▶ **PROMPT**:
Once you find the line with "BEAD Contemporary villa 1 top view.JPG" in the data below, transcribe exactly each line from there to the line with "Solid Door Refrigerator", inclusive, and nothing else. Drop the pictures.

▶ **MATERIAL FOR THIS EXERCISE**:
[Start of section]

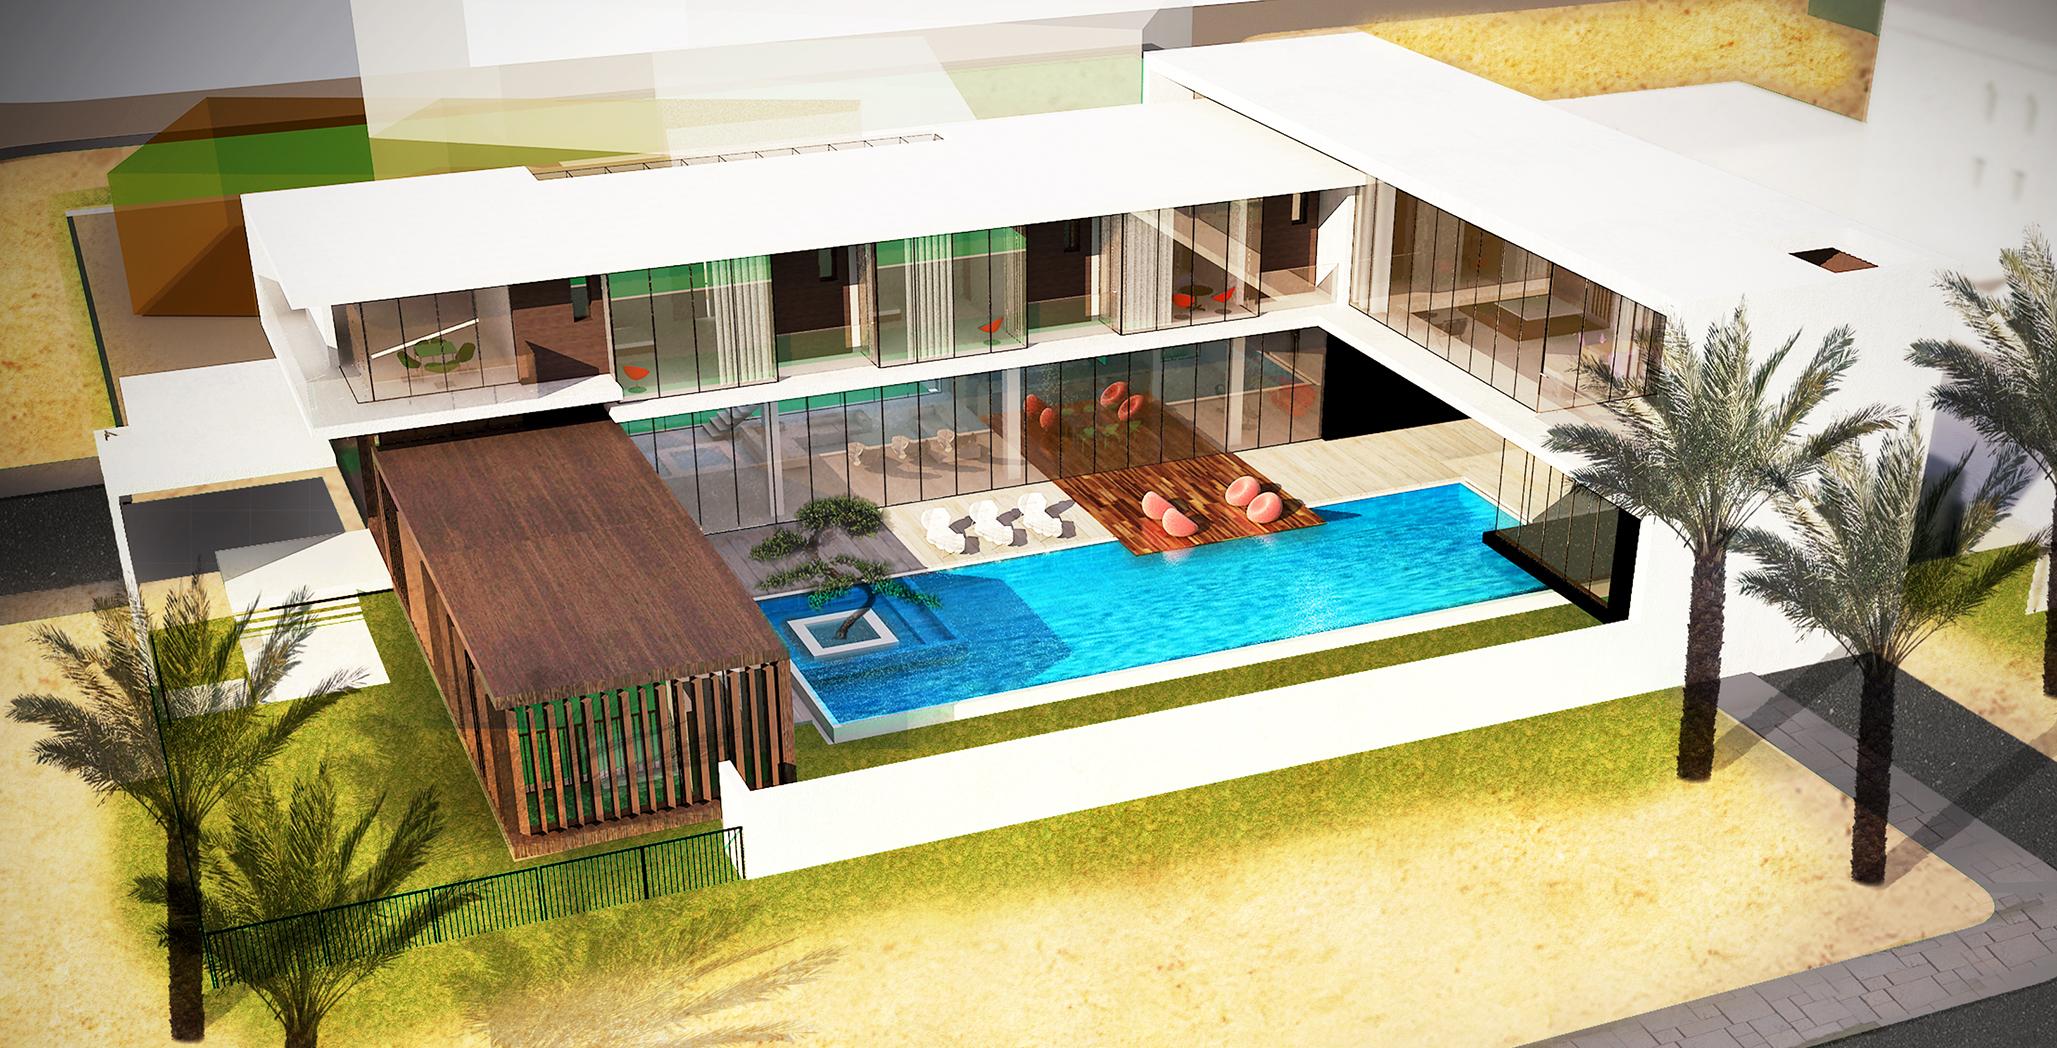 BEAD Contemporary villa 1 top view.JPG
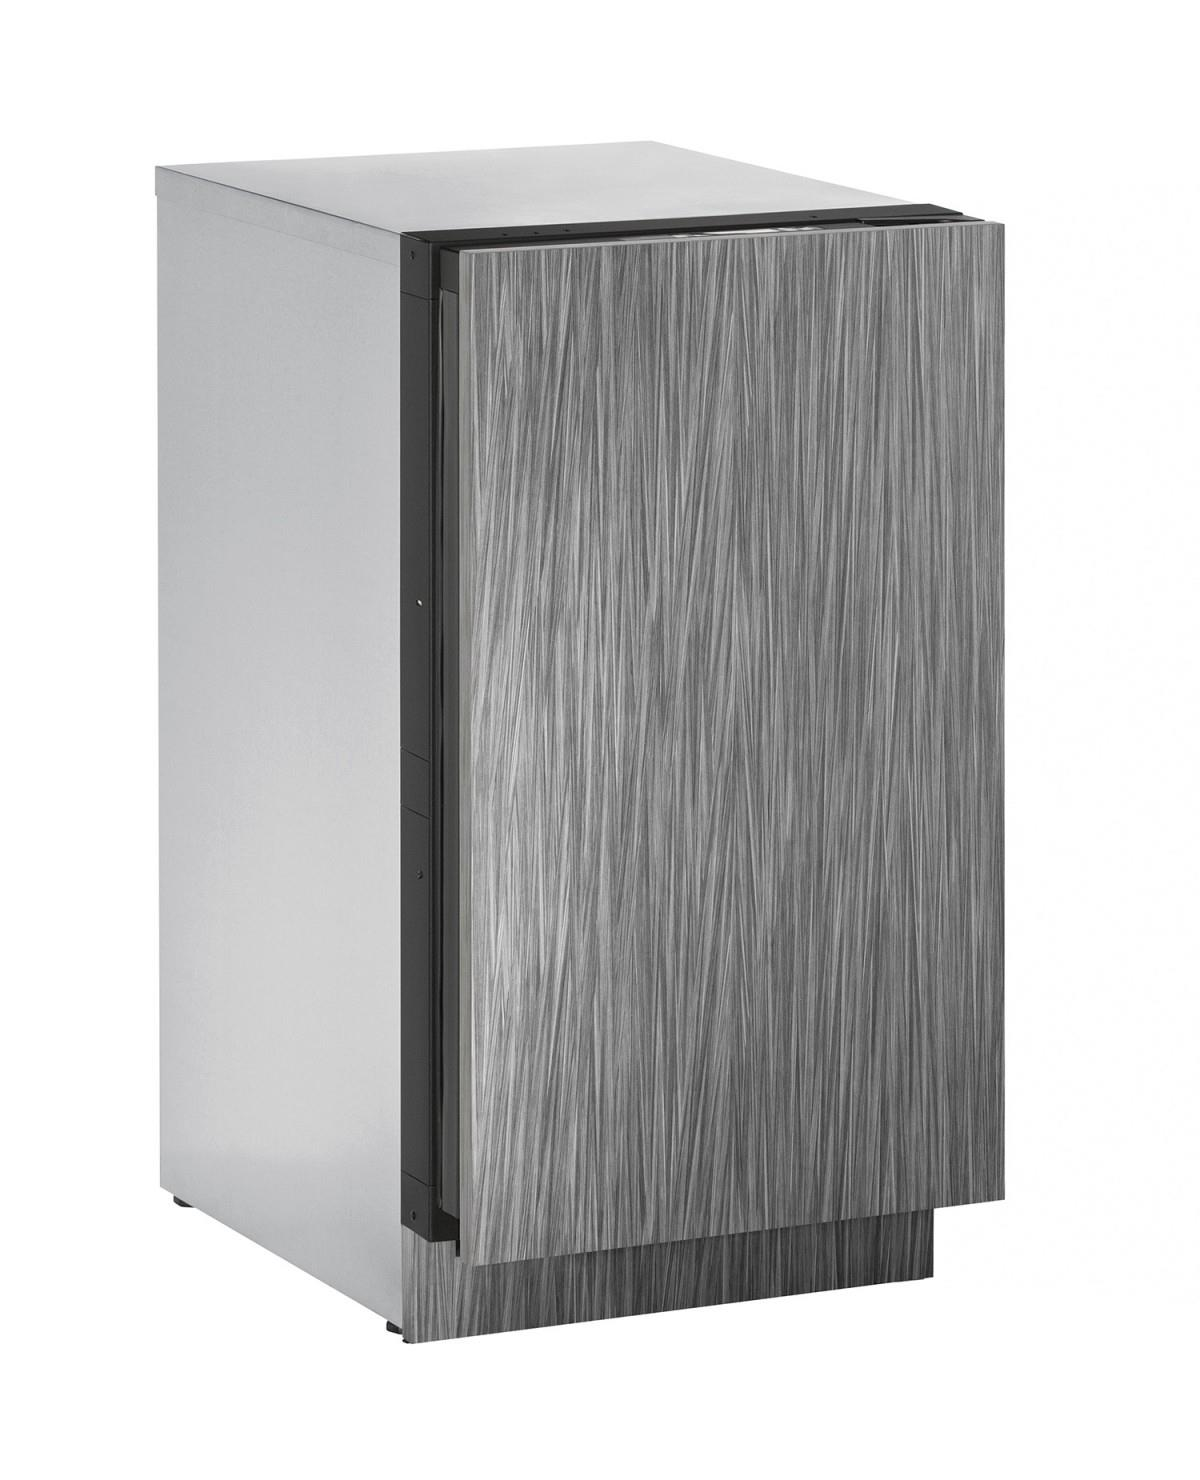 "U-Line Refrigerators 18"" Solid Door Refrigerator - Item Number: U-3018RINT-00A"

[End of section]
[Start of section]

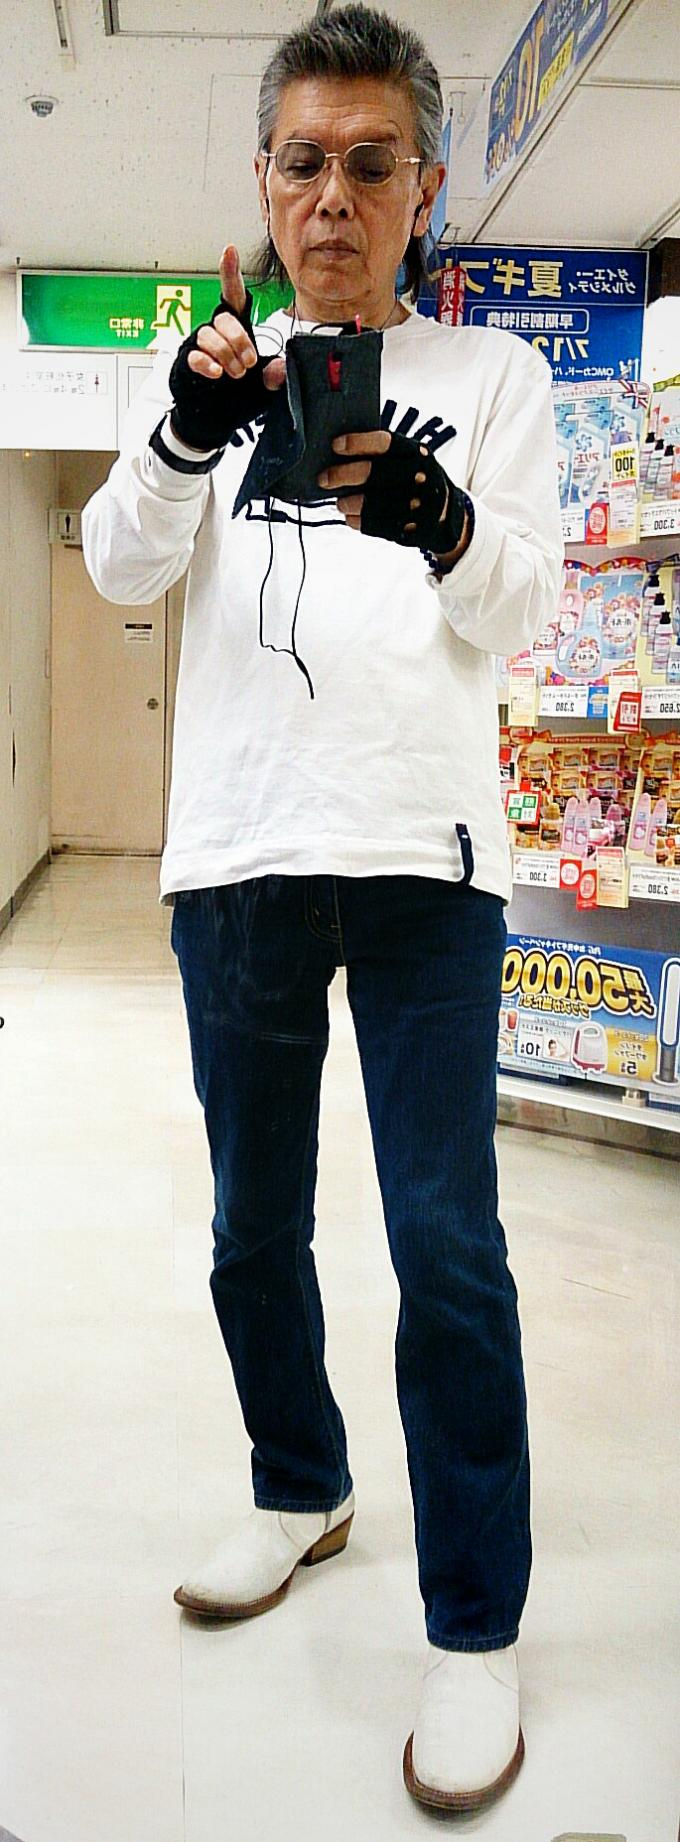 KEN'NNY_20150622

[End of section]

▶ **SOLUTION**:
 BEAD Contemporary villa 1 top view.JPG
 "U-Line Refrigerators 18"" Solid Door Refrigerator - Item Number: U-3018RINT-00A"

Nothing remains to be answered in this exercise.